Diabetic Retinopathy (DR) is considered to be the leading cause for preventive blindness in humans, the DR is sighted with a diabetic stage of progression and hence the patient is required to undergo regular health checkups on DR formation and detection. In this paper, the objective is to extract and detect the patterns of DR with respect to the propagation stages using Recursive Neural Network (RNN). In this work, we have developed and validated a novel Inter-Correlated Attribute Coordination (ICAC) Technique for attribute based feature mapping and feature inter-dependent cluster generation. The ICAC technique generates a series of standard dataset attributes ( S D ) A for process alignment towards the generation of feature set (f). The proposed technique has validated the categorization of DR into grade 1 and grade 0 patients for an unambiguous decision making. The technique’s trained datasets provide a self-learning RNN for multidimensional tomography dataset processing. The ICAC technique has developed a detection rate of 97.3% for the 276 feature set clusters.
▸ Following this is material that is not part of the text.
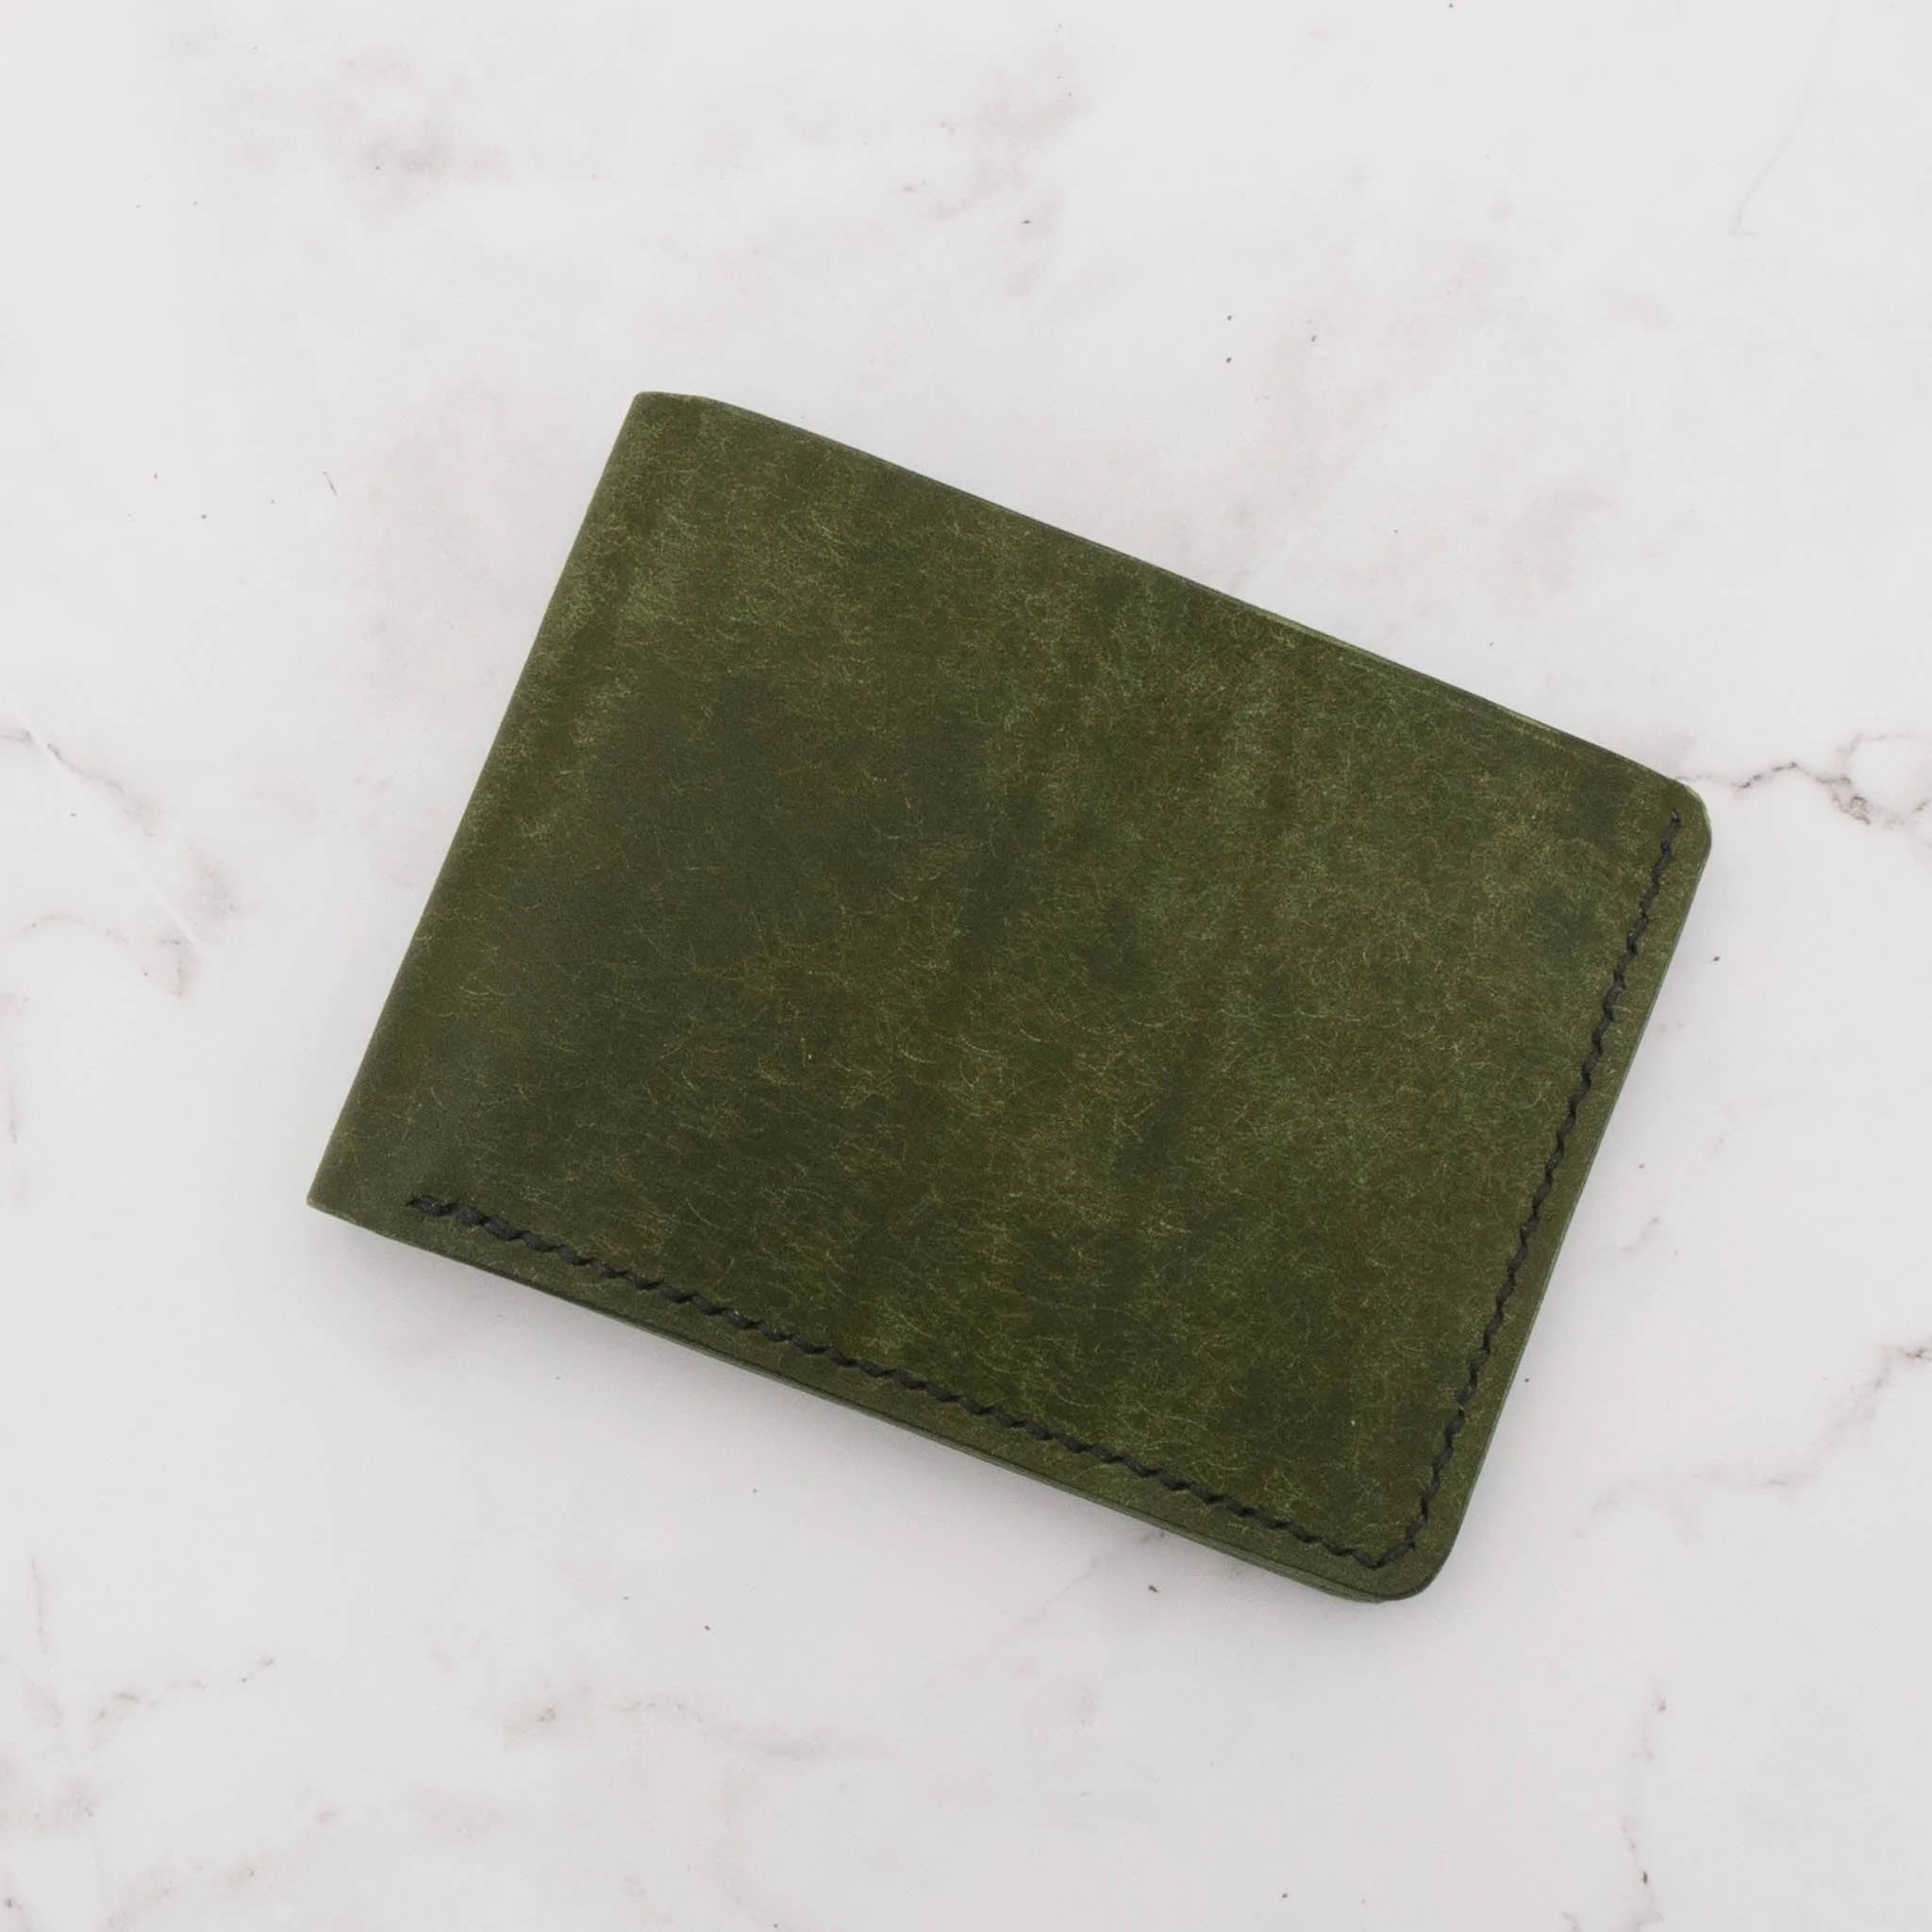 Cheekoo's Handcrafted Slim Classic Leather Bifold Wallet - Olive Green

基于递归神经网络的非结构化断层扫描数据集多维糖尿病视网膜病变提取与检测技术的嵌入式移动计算框架
糖尿病视网膜病变(DR)被认为是人类预防性失明的主要原因,DR是在糖尿病进展阶段看到的,因此患者需要定期接受DR形成和检测的健康检查。本文的目标是利用递归神经网络(RNN)提取和检测DR在传播阶段的模式。在这项工作中,我们开发并验证了一种新的基于属性的特征映射和特征相互依赖聚类生成的相互关联属性协调(ICAC)技术。廉政公署技术生成一系列标准数据集属性(S D) a,用于生成特征集(f)的过程对齐。该技术已经验证了DR分为1级和0级患者的分类,以进行明确的决策。该技术的训练数据集为多维层析成像数据处理提供了一个自学习的RNN。ICAC技术对276个特征集聚类的检测率达到97.3%。
本文章由计算机程序翻译,如有差异,请以英文原文为准。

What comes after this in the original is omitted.